Testing the differences between each type of machine learning algorithm to their strengths and weaknesses.
python3 dqn.py
The deep q-network actually surprised me quite a bit. I thought that it would take longer and more episodes due to not having the noise 'rejection' that a double deep q- network has.
python3 ddqn.py
The deep q-network performed as expected, but took more episodes than I was expecting.
Surprisingly the Deep Q-Network was more stable and trained faster than the 'new and improved' Double Deep Q-Network developed by DeepMind. It is possible that specifically in LunarLander-v2 the DQN doesn't suffer from overestimations that the DDQN was developed to solve.
python3 reinforce.py
The reinforce algorithm was stable, but looked to have be very slow at achieving any greater performance than it did.

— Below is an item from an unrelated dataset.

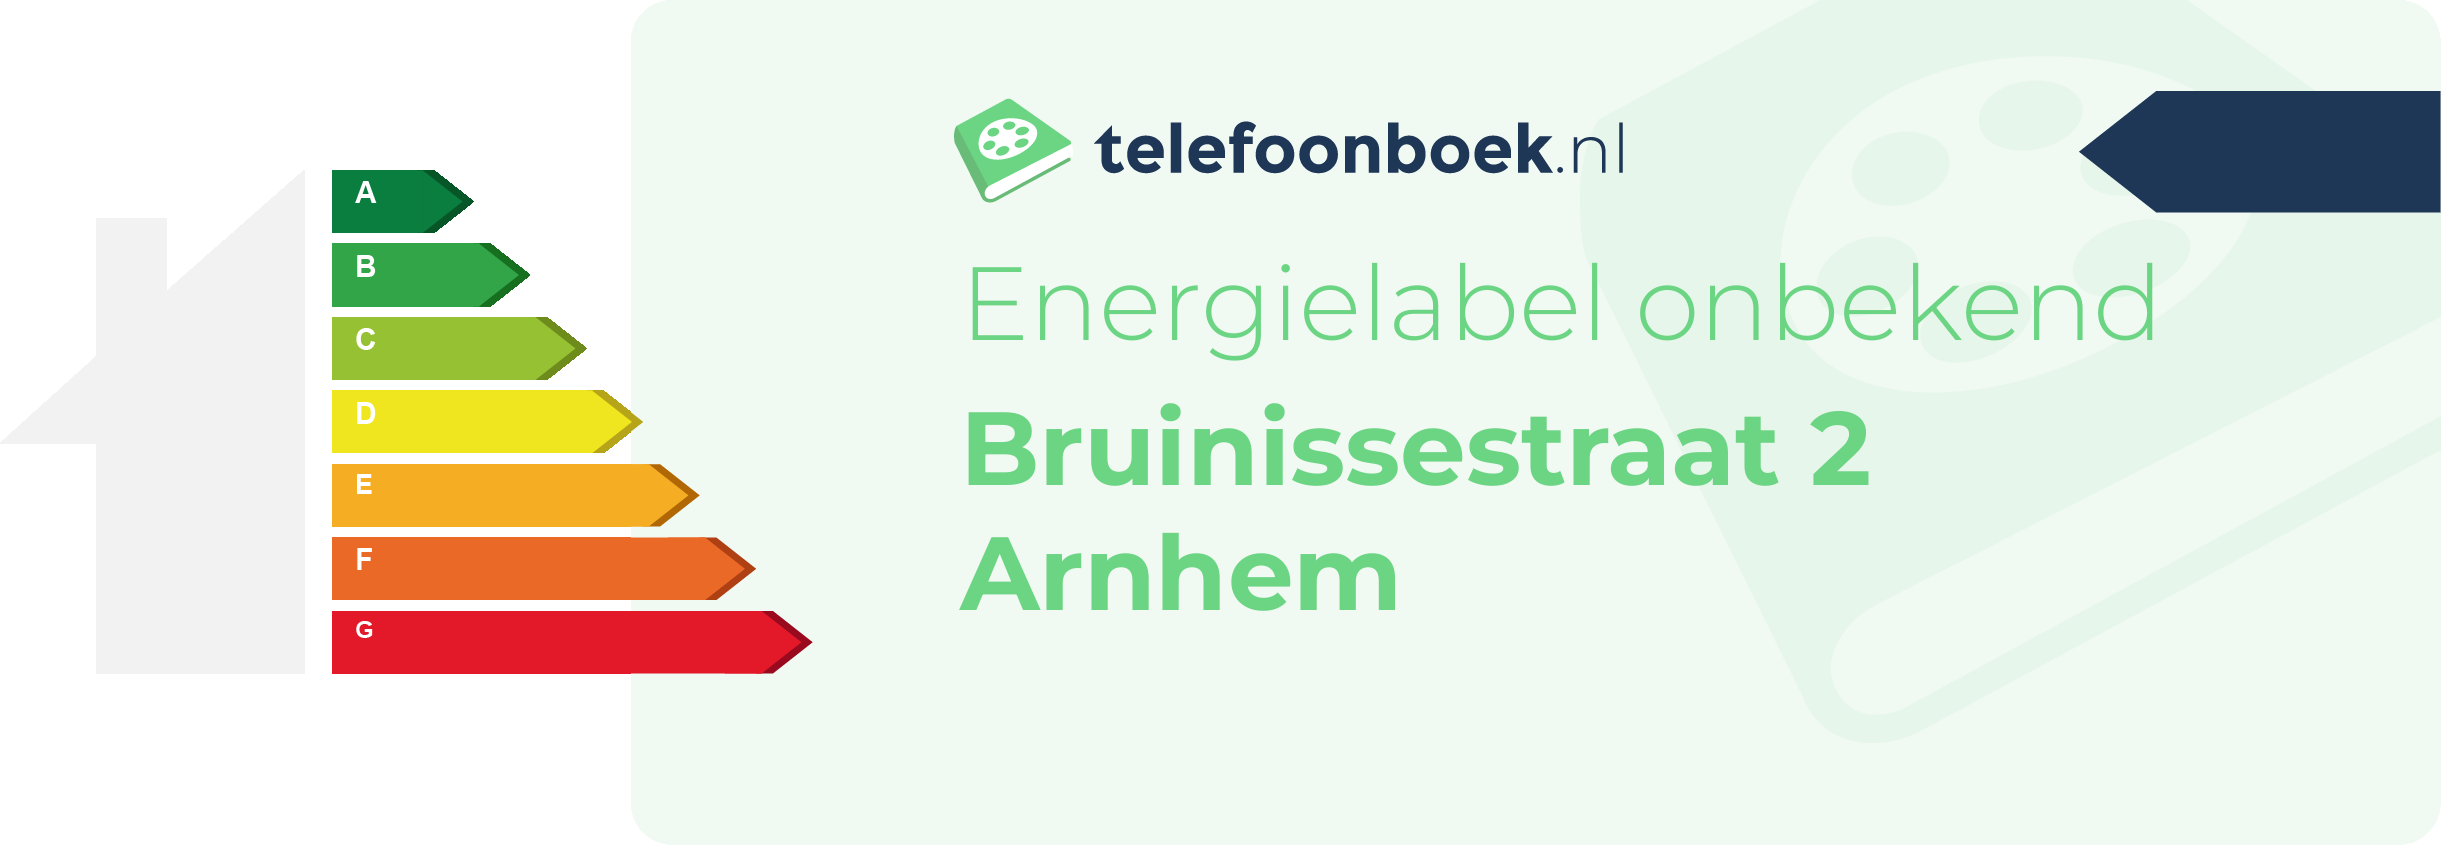 Energielabel Bruinissestraat 2 Arnhem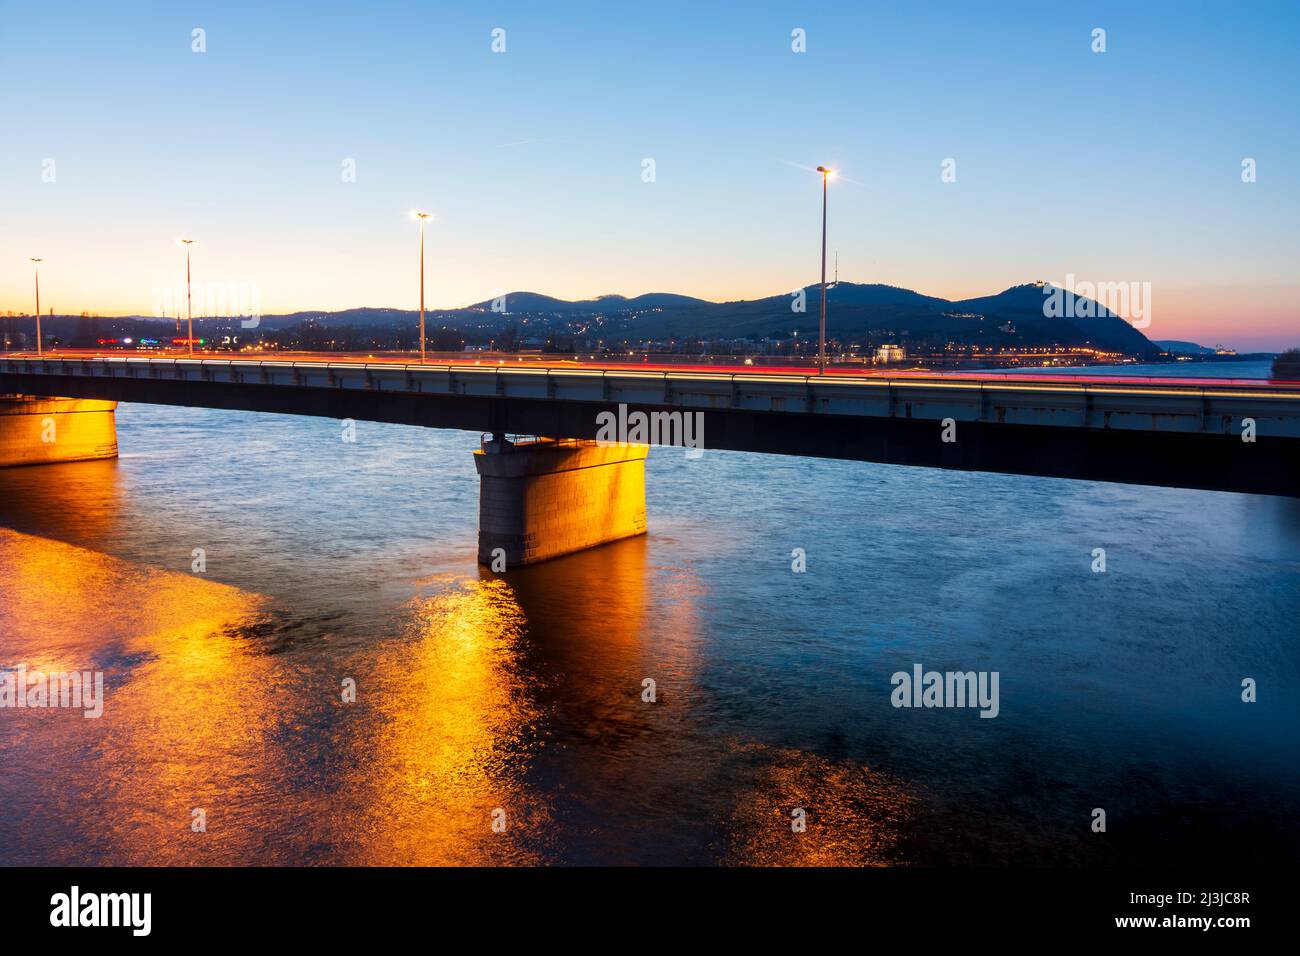 Freeway bridge nordbrucke hi-res stock photography and images - Alamy

REINFORCE also surprised me at how noisy it was during training. If there wasn't an averaging curve I wouldn't have been able to tell it was getting improving.
python3 a2c.py
The advantage actor-critic model worked quite well. It appeared to have some difficulties in the middle of training but it eventually recovered. Had I let it train longer I expect it could have reached a significantly higher score.
When comparing the two I expect that the A2C model had a higher ceiling than the REINFORCE model. It makes sense that the A2C took longer to train because it had to train both an actor and a critic while the REINFORCE model only had to train a single model. It also had a larger network to train than the REINFORCE model.